MIT OCW

18.02 Multivariable Calculus

Lagrange Multiplier

We've known the method to maximize or minimize a multivariable function, but what happens if there are some constraint? The critical point usually does not fulfill the constraint, so we have to maximize or minimize in another way.

Introduction

e.g. Find the closest point to origin on $xy=3$.
Idea We are going to minimize $f(x,y)=x^2+y^2$ subject to $xy=3$. These are the level surfaces of $f(x,y)$ and $g(x,y)=xy=3$.

When the level surface $f(x,y)=c$ becomes smaller and smaller, until it has no intersection with the $xy=3$, then we have almost achieved the goal. We can find that at the maximum or minimum $f_0$, the level surface $f(x,y)=f_0$ is tangent to the level surface $g(x,y)=3$.

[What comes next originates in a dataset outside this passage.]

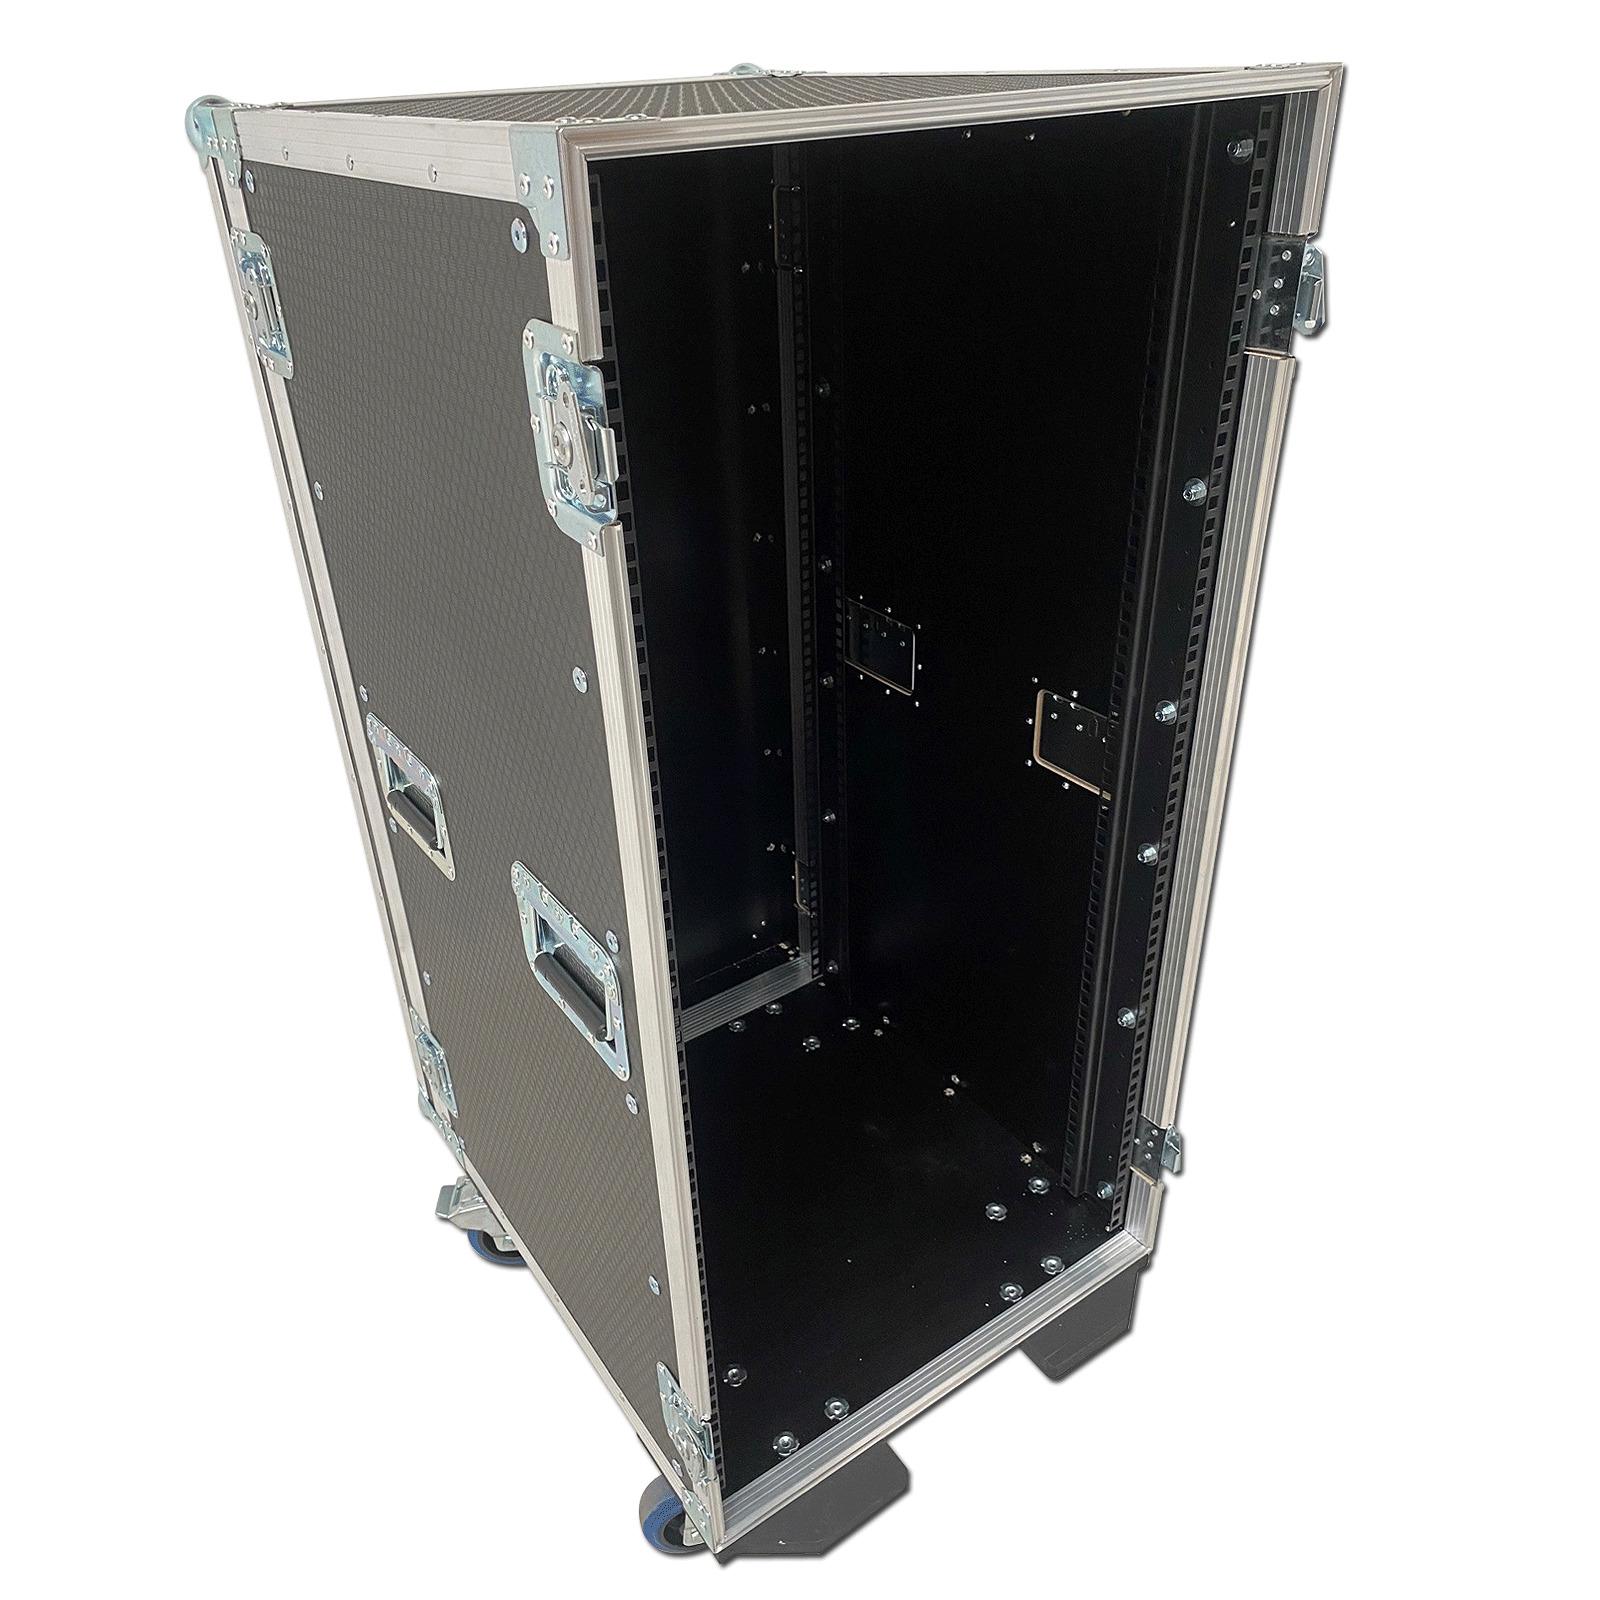 22u rack case flight case. Black Bedroom Furniture Sets. Home Design Ideas

It means that the gradient at $f(x,y)$ is parallel to $g(x,y)$, namely, $\nabla f=\lambda\nabla g$, where $\lambda$ is an unknown. So, we have such system of equations \left\{\begin{aligned}2x=\lambda y\\2y=\lambda x\\xy=3\end{aligned}\right., and we get the point is $(\sqrt3,\sqrt3)$ or $(-\sqrt3,-\sqrt3)$.

Lagrange Multiplier

Now we conclude the method, given a function $f(x,y)$ and a constraint $g(x,y)=c$, then to maximize or minimize the function, we need to solve the system of equations \left\{\begin{aligned}\frac{\partial f}{\partial x}&=\lambda\frac{\partial g}{\partial x}\\\frac{\partial f}{\partial y}&=\lambda\frac{\partial g}{\partial y}\\g(x,y)&=c\end{aligned}\right..

Geometry

Why it is correct? If there is no constraint $g(x,y)=c$, we just solve $f_x=f_y=0$, and it means when we move on a horizontal surface near the point, the function doesn't change.
Now we have a constraint, similarly, we just find a point where we move along the constraint surface that the function doesn't change too. So $\nabla_{\hat\mathbf{u}}f=0$, where $\hat\mathbf{u}$ is any direction on the constraint surface, in other words, $\nabla f\cdot\hat\mathbf{u}=0$. Since the gradient $\nabla g$ is also normal to the constraint surface, we have $\nabla f\parallel\nabla g$.

Application

e.g. Find a best solution to minimizing the surface area of a pyramid with a given triangular base $a_1,a_2,a_3$ and a given height $h$.
Solution We can plot the pyramid in $xy$ plane.

And it looks like the following in 3D space.

To determine the position of the vertex $D$ more easily, we project the vertex on the $xy$ plane.

And take the distance from the projection to three sides $a_1,a_2,a_3$ as $d_1,d_2,d_3$, and we can express the surface area $S$ and the base area $A$: \begin{aligned}S=\frac12a_1\sqrt{d_1^2+h^2}+\frac12a_2\sqrt{d_2^2+h^2}+\frac12a_3\sqrt{d_3^2+h^2}\\A=\frac12a_1d_1+\frac12a_2d_2+\frac12a_3d_3\end{aligned}.
And apply the Lagrange Multiplier \left\{\begin{aligned}\frac{\partial S}{\partial d_1}=\lambda\frac{\partial A}{\partial d_1}\\\frac{\partial S}{\partial d_2}=\lambda\frac{\partial A}{\partial d_2}\\\frac{\partial S}{\partial d_3}=\lambda\frac{\partial A}{\partial d_3}\end{aligned}\right., and found that $d_1=d_2=d_3$, so the vertex is just above the incenter of the triangular base.